American ecologist and evolutionary biologist

Judith Lee Bronstein is an American ecologist and evolutionary biologist who researches mutualisms, or positive species interactions. She has edited multiple books and volumes, including Mutualism, which was published by Oxford University Press in 2016.

== Education ==
Bronstein received a Bachelor of Arts from Brown University in 1979 as an independent major focused on the use of ecological theory in environmental policymaking. She received her Masters and Doctorate degrees in Ecology and Evolutionary Biology at the University of Michigan in 1986. Her doctoral dissertation research examined coevolution and constraints in a Neotropical fig-pollinator wasp mutualism.

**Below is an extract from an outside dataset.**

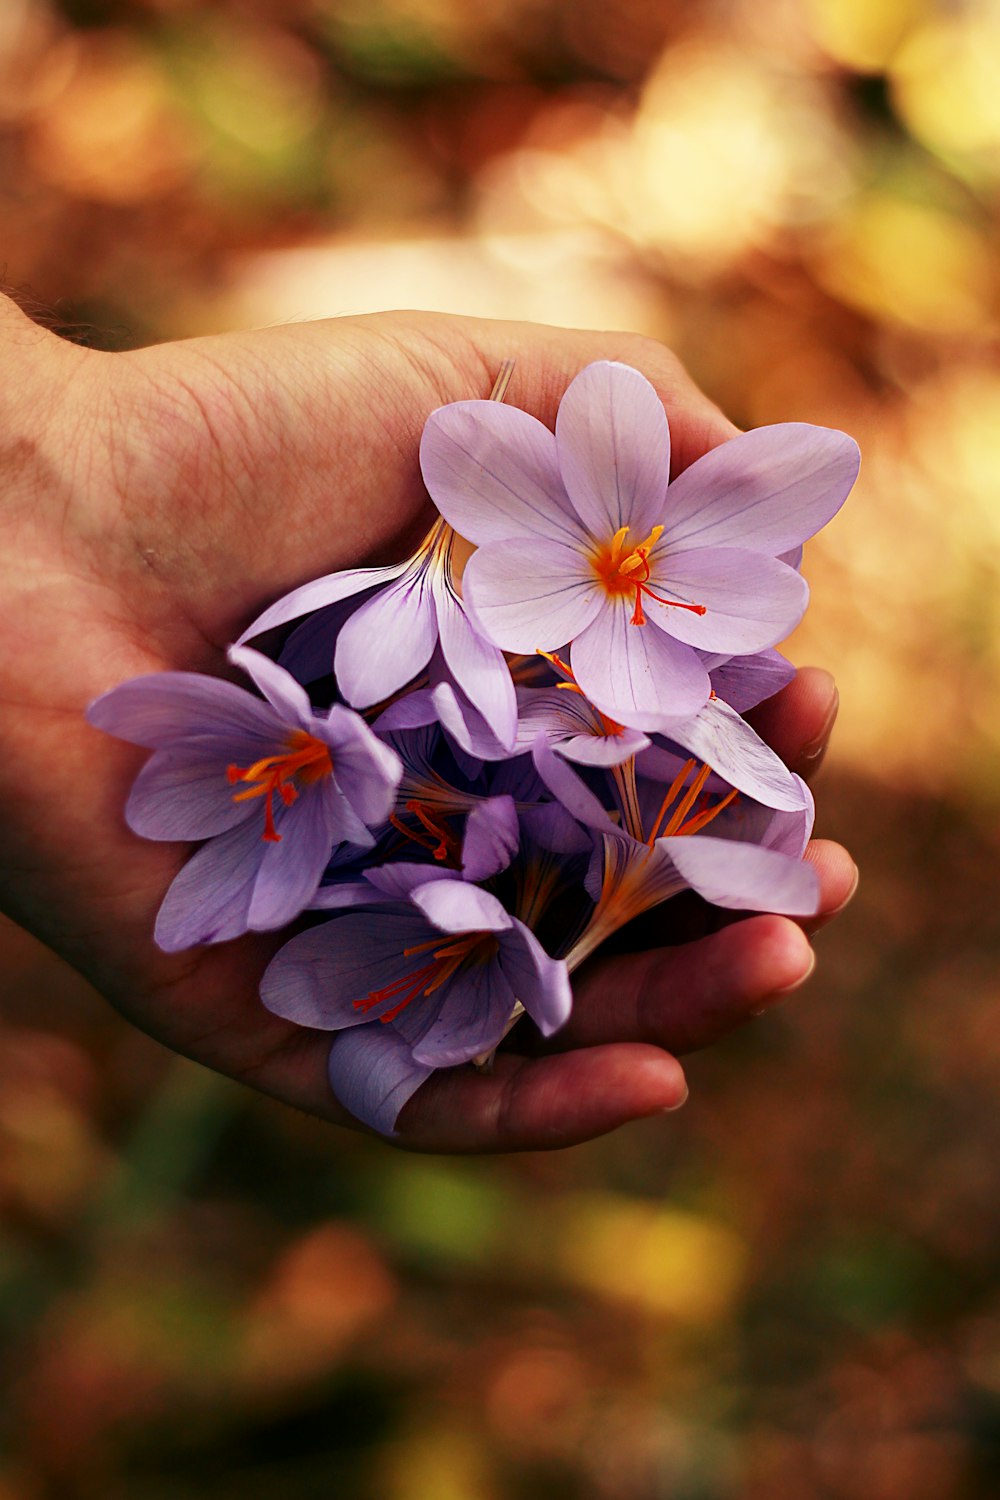 flores de pétalos púrpuras en la mano de la persona

Bronstein received additional training as a NATO Postdoctoral Fellow in Evolutionary Genetics at Centre Louis Emberger in Montpellier, France, in 1987. She then worked as an Isaak Walton Killam Postdoctoral Fellow in Evolutionary Ecology at the University of Alberta in 1988.

== Career ==
Since 2012 Judith Bronstein has been a University Distinguished Professor at the University of Arizona. She has worked in the Department of Ecology and Evolutionary Biology at University of Arizona since 1989, when she was hired as an assistant professor. Bronstein also worked as an adjunct professor at University of Miami from 1995 to 2010 and as a Visiting Professor at Duke University from 1999 to 2002, University of Puerto Rico in 1998, and University of Paris in 1989. In 2007-2008, Bronstein was a Program Director in the Division of Environmental Biology of the National Science Foundation.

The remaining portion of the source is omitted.